Oh, You Mean They Lied? (Euro Stress Tests)
As part of the tests, 91 of Europe’s largest banks were required to reveal how much government debt from European countries they held on their balance sheets. Regulators said the figures showed banks’ total holdings of that debt as of March 31.
But……
An examination of the banks’ disclosures indicates that some banks didn’t provide as comprehensive a picture of their government-debt holdings as regulators claimed. Some banks excluded certain bonds, and many reduced the sums to account for “short” positions they held—facts that neither regulators nor most banks disclosed when the test results were published in late July.
“Didn’t provide as comprehensive a picture … as regulators claimed” = they lied.
Of course the so-called “regulators” didn’t regulate, as if they had they would have called these people out on this, and forced them to provide accurate disclosures.
But that didn’t happen.
How much “understatement” was involved here? Oh, we have a decent guess….
BIS data from March 31 indicates that French banks were holding about €20 billion of Greek sovereign debt and €35 billion of Spanish sovereign debt. In the stress tests, four French banks, which represent nearly 80% of the assets in France’s banking system, reported holding a total of €11.6 billion of Greek government debt and €6.6 billion of Spanish debt.
So the European banks may have reported about one half to one fifth of the actual amounts held?
This morning we’ve seen some selling over in Europe which Bloomberg attributes to:
“Banks still face problems in regards to their capital ratios,” said Michael Koehler, head of strategy at Landesbank Baden-Wuerttemberg in Mainz, Germany. “Investors will keep worrying about a possible double dip in the next few weeks,” he said, referring to a renewed recession.
Uh huh.
How about this?
Investors are starting to wake up to the fact that the government lied about sovereign debt exposure, and now with Greece’s spreads widening and concern about Ireland, they have every reason to be wide awake – all night.

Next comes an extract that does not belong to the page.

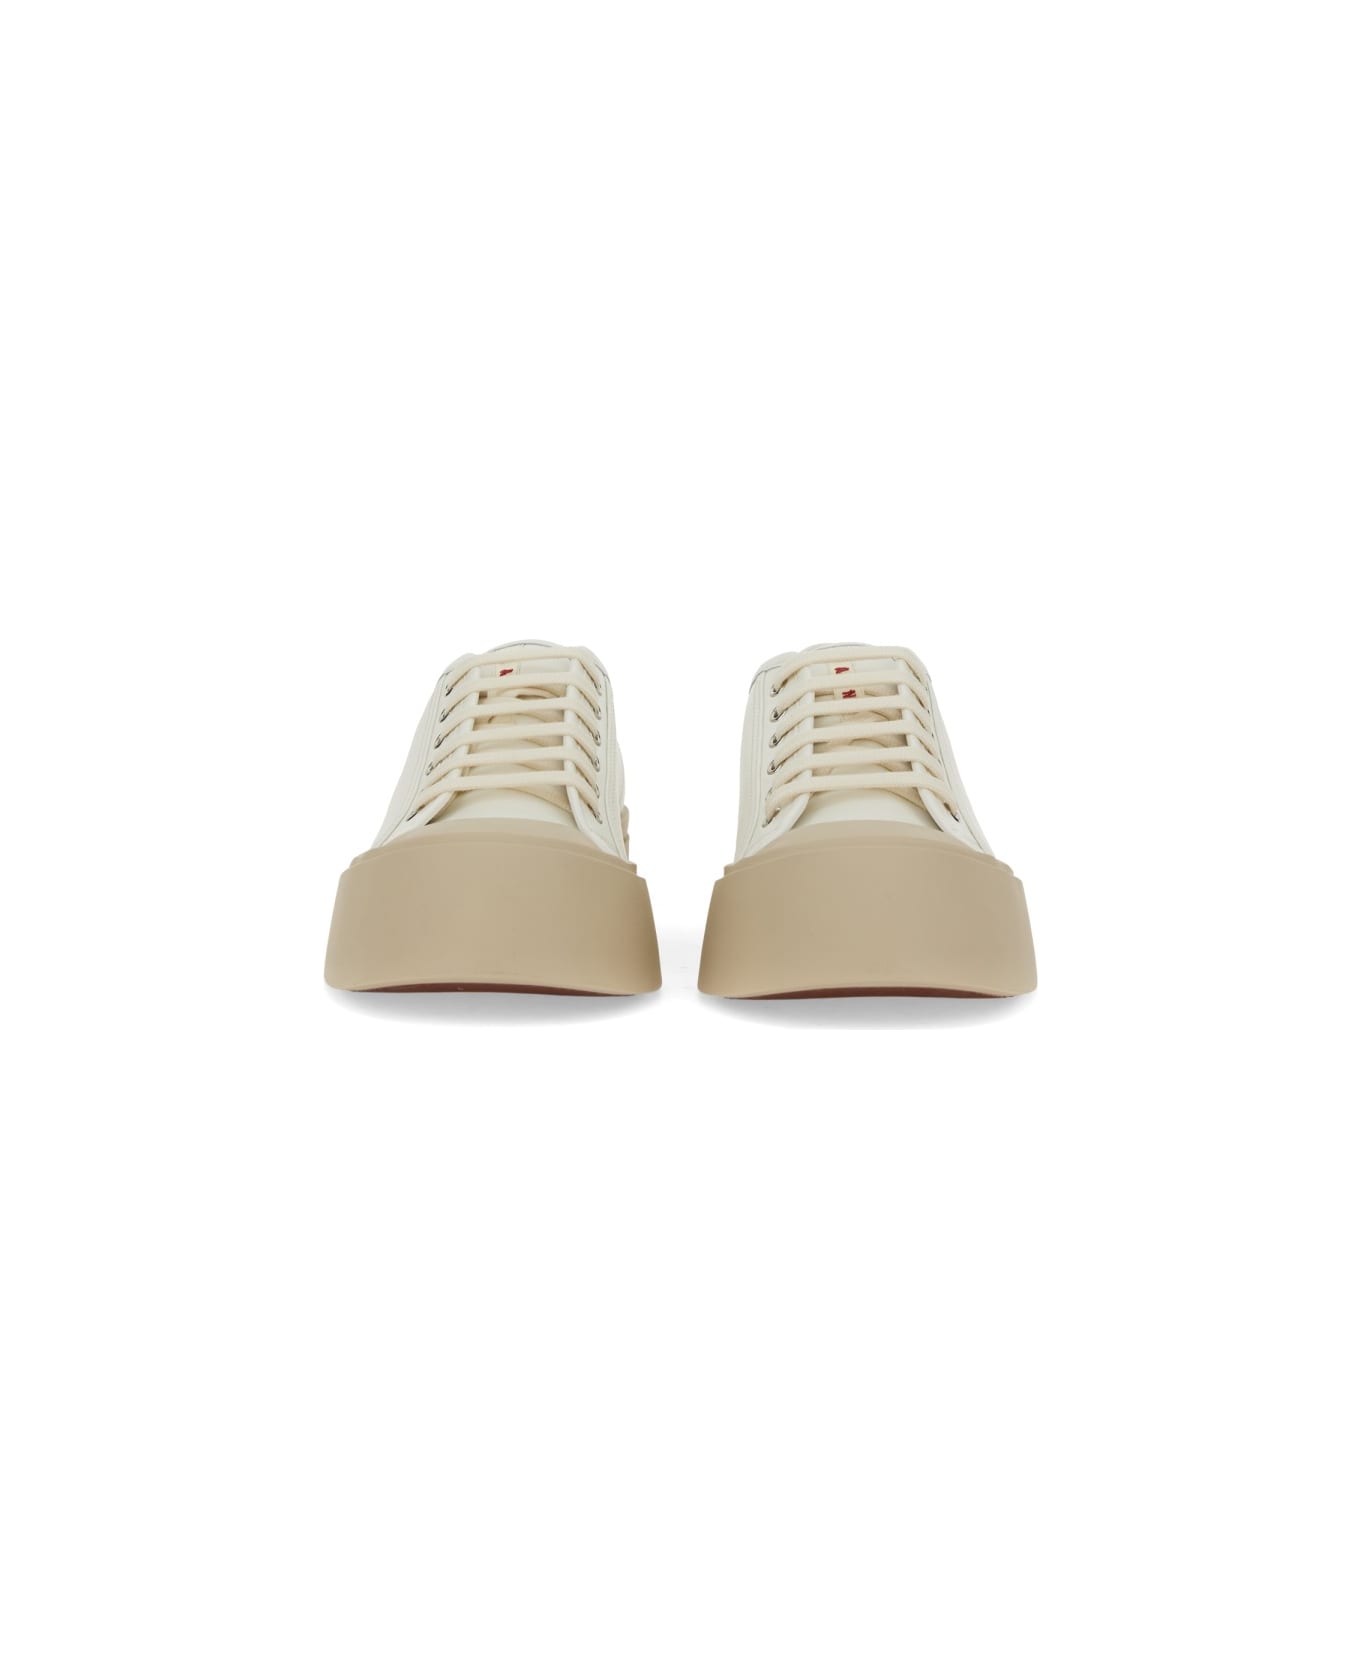 Marni "pablo" Sneaker - WHITE

Psst: Listen to what is being said (quietly) in certain circles….. smell smoke yet?
Meanwhile…..
Hungary, Romania, Serbia Struggling to Find Buyers for Debt
Serbia failed to attract enough bids to cover offers in six out of 25 debt auctions since the start of June, while Romania failed to sell any debt in four auctions since the launch of an austerity program in July and had only partial sales in 10 other auctions. Hungary’s auction last week also came up short.
Hungary, Romania and Serbia, which turned to bailouts in 2009, are struggling to find buyers for their debt as spending cuts weaken government power and concerns grow about a stalled recovery.